→ **Collected material**
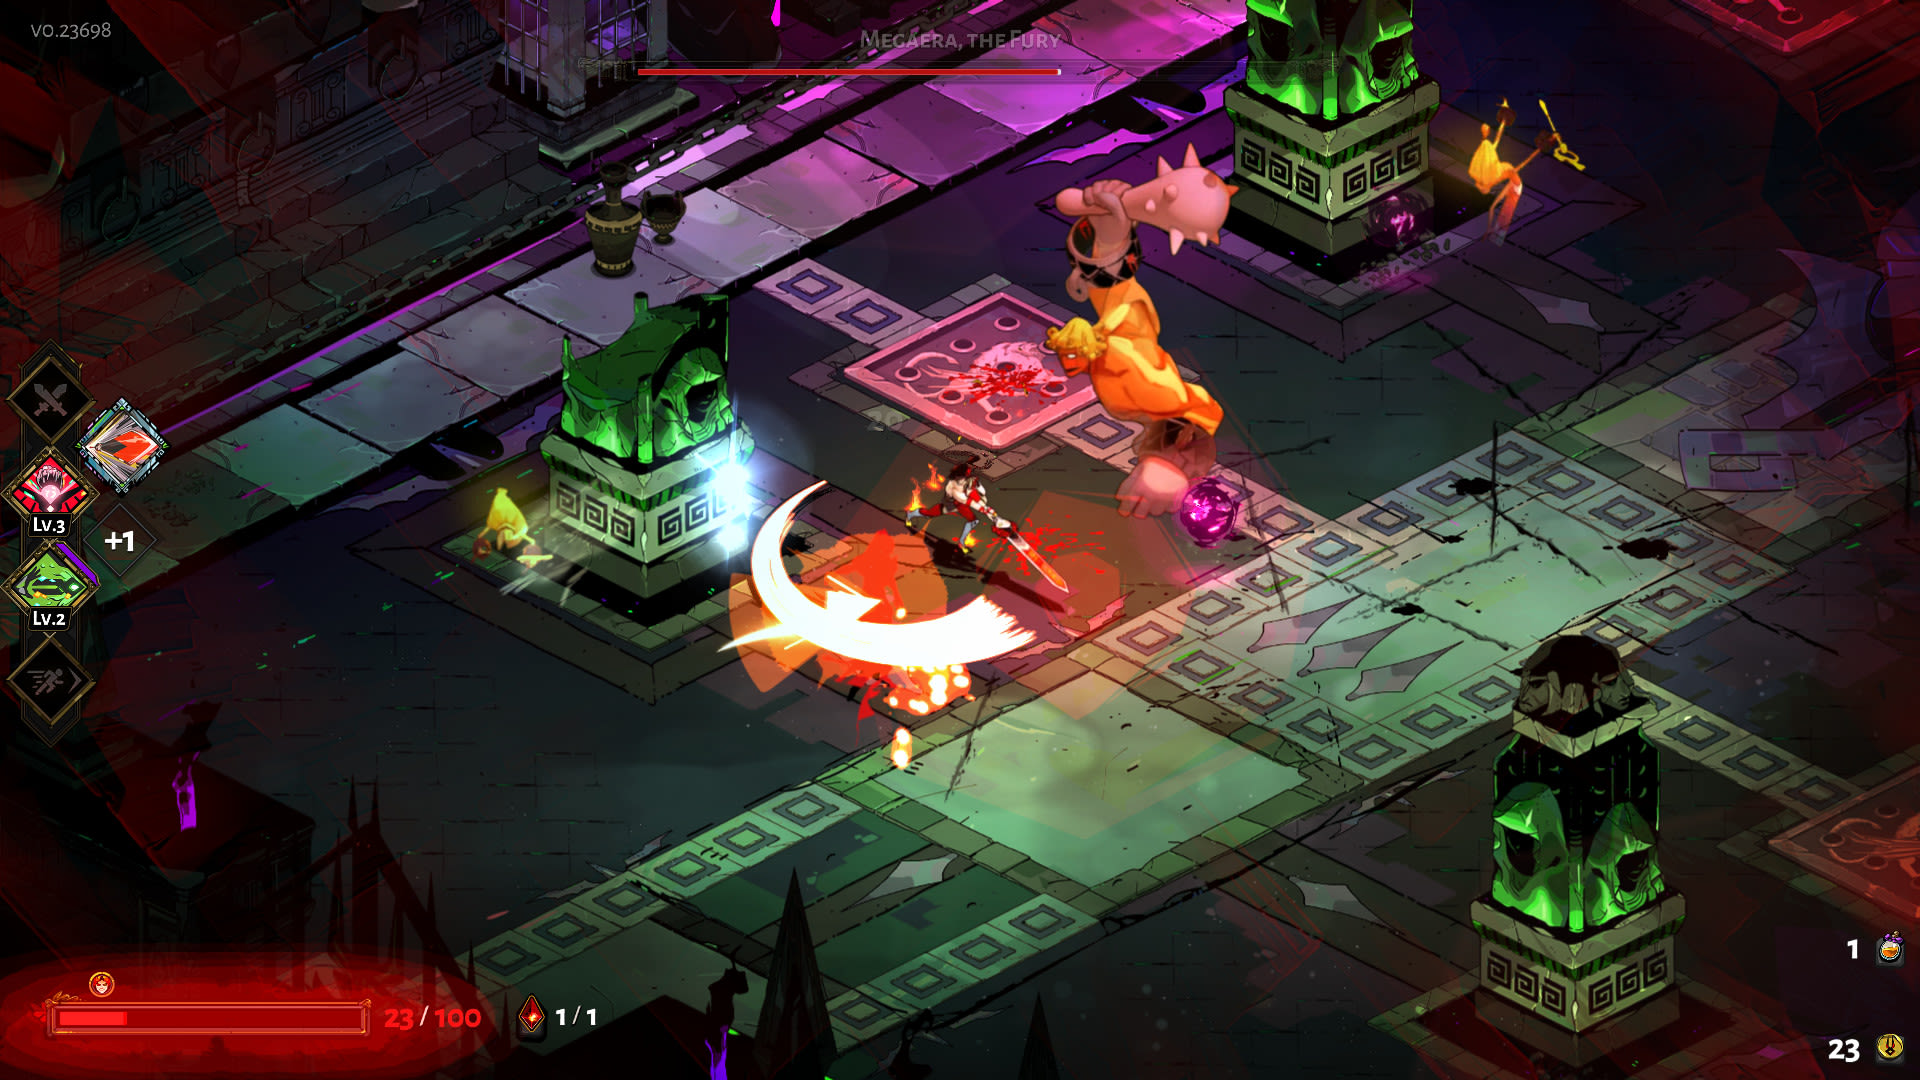 Captura de pantalla de Hades, que muestra al personaje del jugador Zagreus atacando a un grupo de enemigos
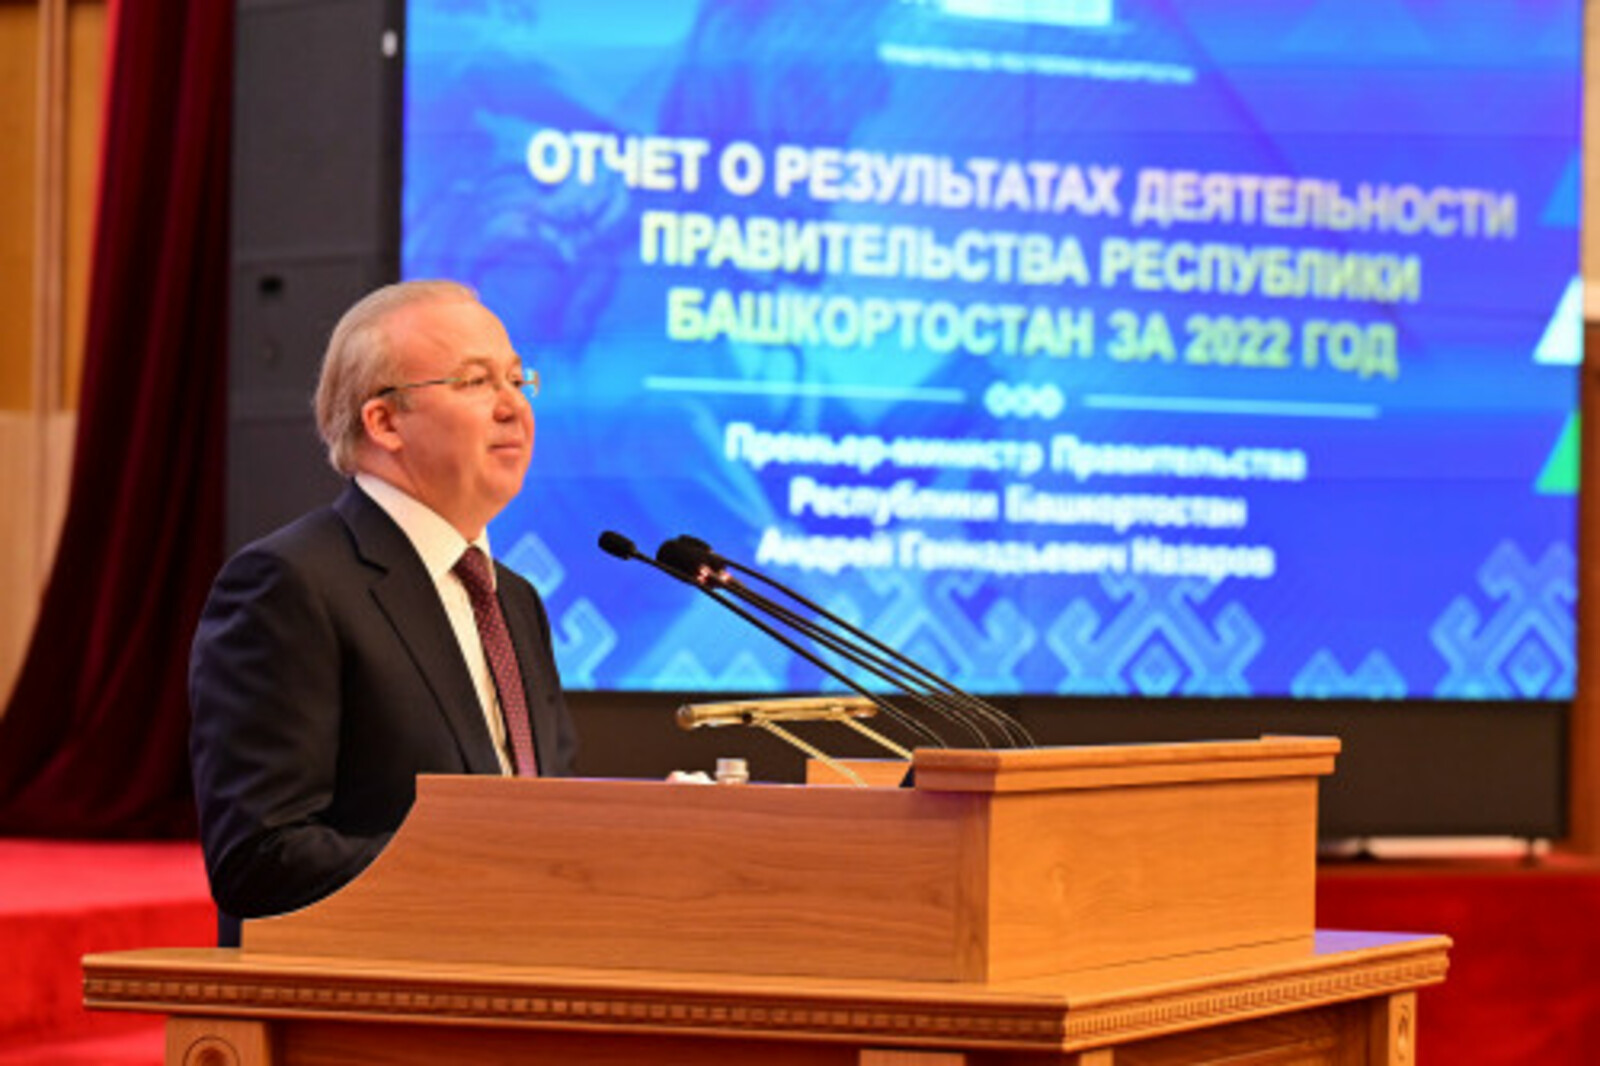 В Башкортостане произвели сельхозпродукции в 2022 году почти на 250 миллиардов рублей
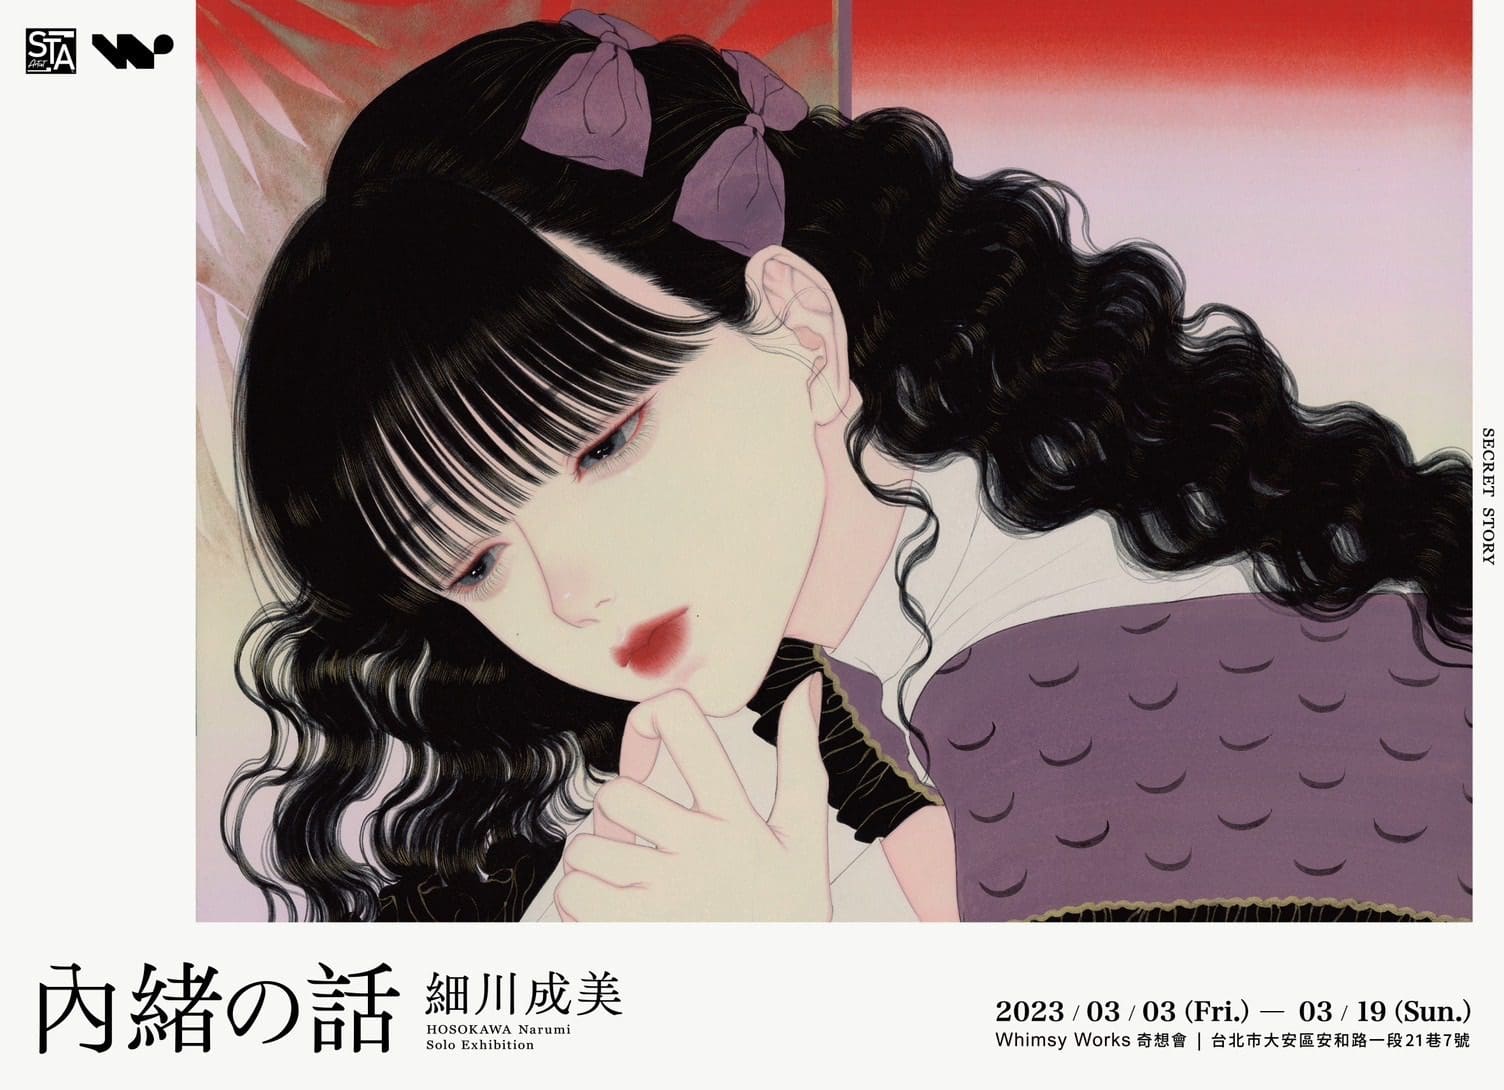 日本藝術家「細川成美」個展《內緒の話》 80年代日本漫畫風格複合歌德式異國元素

→ **What you will do**
No picture belongs in the copy; return the rest of the listing exactly.

→ **Result of this task**
 Captura de pantalla de Hades, que muestra al personaje del jugador Zagreus atacando a un grupo de enemigos
 В Башкортостане произвели сельхозпродукции в 2022 году почти на 250 миллиардов рублей
 日本藝術家「細川成美」個展《內緒の話》 80年代日本漫畫風格複合歌德式異國元素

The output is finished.